One more. Just one. Once Mike Teavee was gone, Willy Wonka's plan would finally fall into place.
"I wanna pick a room." Mike Teavee demanded. They were on the flying glass elevator and Mike was getting bored.
A devilish smile, full of loathing and evil entered Willy Wonka's face. "Go ahead."
Predictably, he picked the Television Room. Oh, just priceless! No doubt the child would be easy to provoke. He had been fairly civil for most of the tour, but Mike had made it quite clear he loathed what Willy Wonka stood for.
The elevator entered the pure white room. Oh, how glorious this would be. Truly a remarkable experience. He would have his final act of vengeance against the four slimy creatures that had desecrated his precious factory with their existence, while the white sheep would inherit his world. Hypothetically, if Teavee were to avoid this little test, he and Charlie Bucket would co-inherited the factory. The thought of Mike Teavee having a part of his factory, even only fifty percent, terrified Wonka. He had seen the way the child massacred his majestic pumpkins, but what really appalled Wonka were the words he spoke on the elevator.
Candy is a waste of time.
Wonka had wanted to open the doors and push the child off the elevator and into the depths of Fudge Mountain right there and then.
No, there was no way the child could resist. It would be a beautiful show. Mike Teavee's parents had surrendered him to technology, and it would eat him up. Charlie would be cast out as the heir, and his chocolate empire would reign in glory for the ages.
Wonka gave each of his guests a pair of unusual goggles, less they have there eyes burnt out. "We wouldn't want that, would we?" Wonka said, waiting to see if that boy would take them off just to spite him. He didn't. Oh, well, on with the main event.
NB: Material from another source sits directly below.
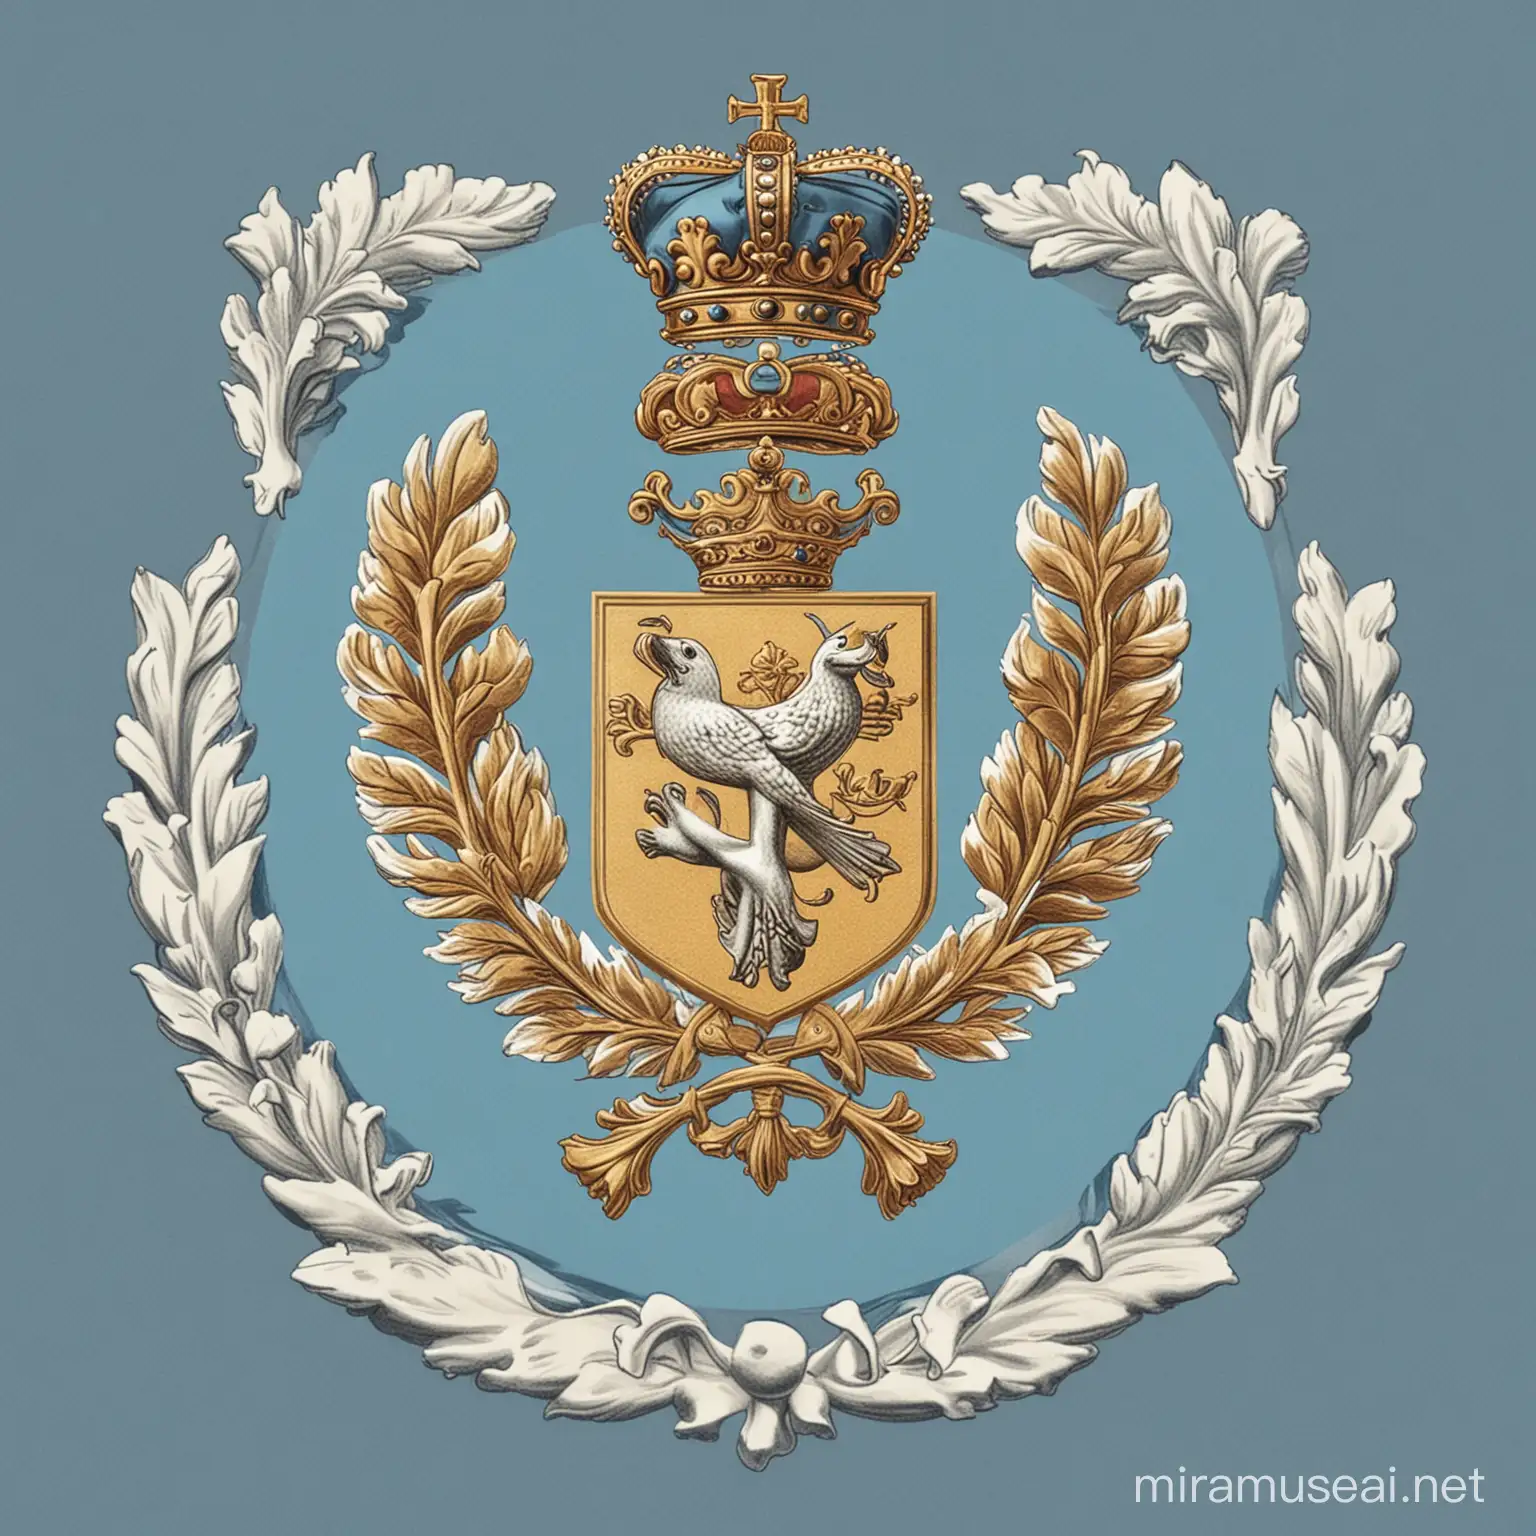 Can you make a coat of arms for a small cold country for by Antarctica, can you also include fat seals (preferably 2), British crown, leaf wreath and a crest up top. The main colors should be white, light blue and gold.

"This is the testing room for my latest and greatest invention: television chocolate," Wonka explained, "one day it occurred to me: 'Hey! If television can break up a photograph into millions and millions of tiny little pieces, and send it whizzing through the air to be reassembled on the other end, then why can't I do the same thing with chocolate?'"
Nobody responded, though Mike was irritated. Sending chocolate through television? Wonka had really lost his last bit of sanity, hadn't he?
"Why can't I," Wonka continued, "send a real bar of chocolate through the air, ready to be eaten?"
"Sound's impossible." Mr. Teavee observed.
"It is impossible," Mike Teavee said, "you don't understand anything about science. First off, there's a difference between waves and particles. Duh! Second, the amount of power it would take to convert energy into matter would be like nine atomic bombs."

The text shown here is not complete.